**Recorded information**
•••••

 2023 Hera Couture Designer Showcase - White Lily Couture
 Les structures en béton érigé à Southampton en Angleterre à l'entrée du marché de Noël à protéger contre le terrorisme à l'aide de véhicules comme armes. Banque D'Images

•••••

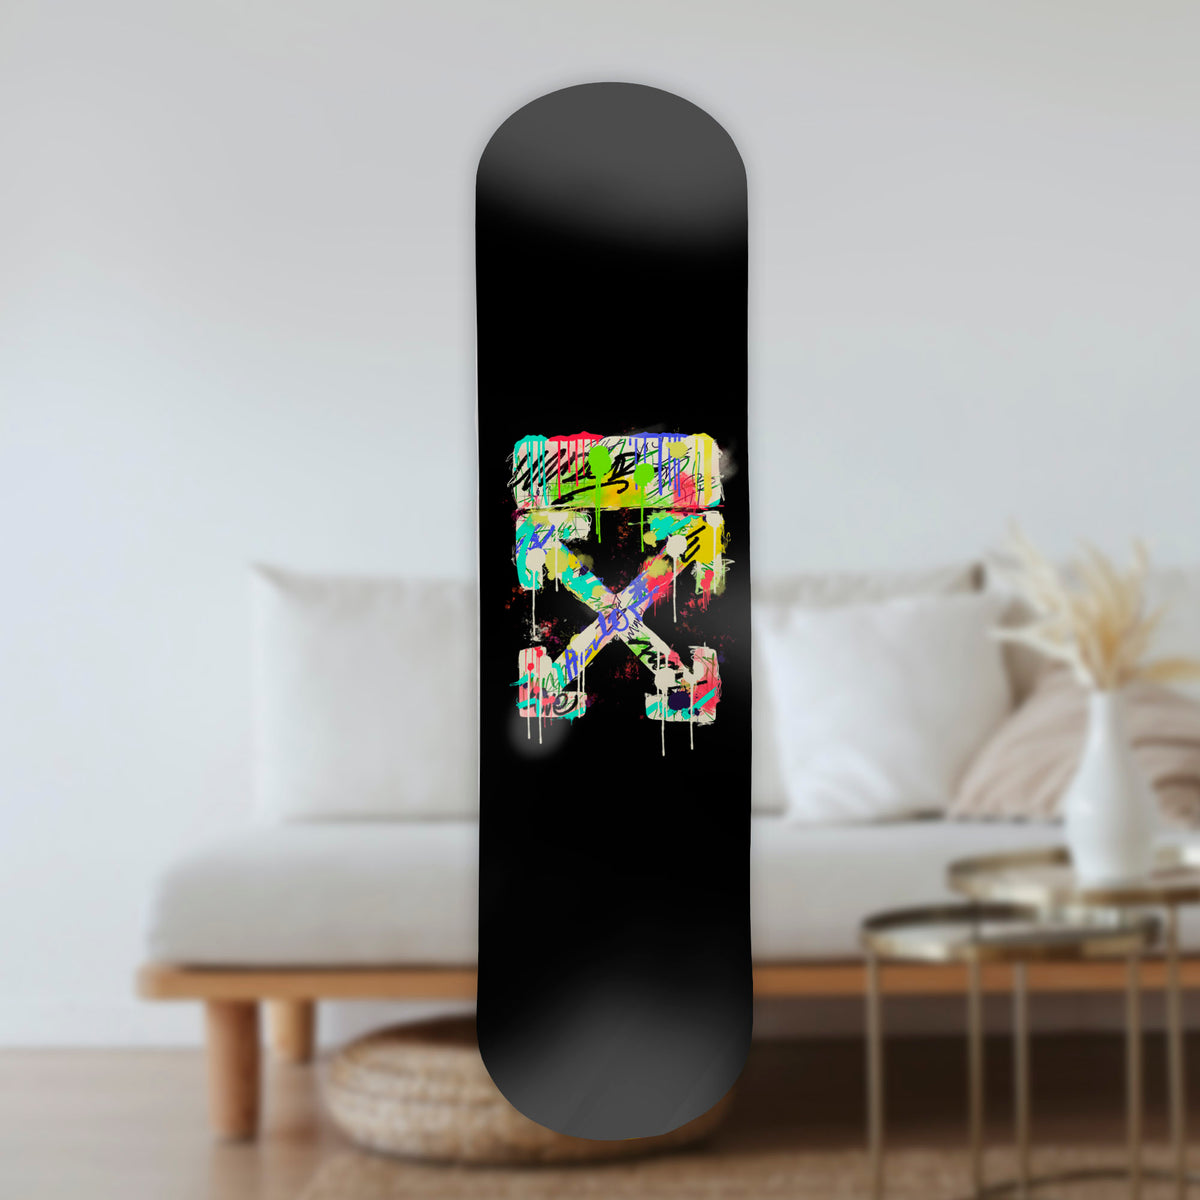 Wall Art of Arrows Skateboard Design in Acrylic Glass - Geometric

•••••

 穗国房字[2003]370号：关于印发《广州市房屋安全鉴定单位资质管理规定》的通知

•••••

**The problem**
Please, from the entries above, set down exactly the lines from the one containing "2023 Hera Couture" through the one containing "Les structures en", and only those.

**Task output**
 2023 Hera Couture Designer Showcase - White Lily Couture
 Les structures en béton érigé à Southampton en Angleterre à l'entrée du marché de Noël à protéger contre le terrorisme à l'aide de véhicules comme armes. Banque D'Images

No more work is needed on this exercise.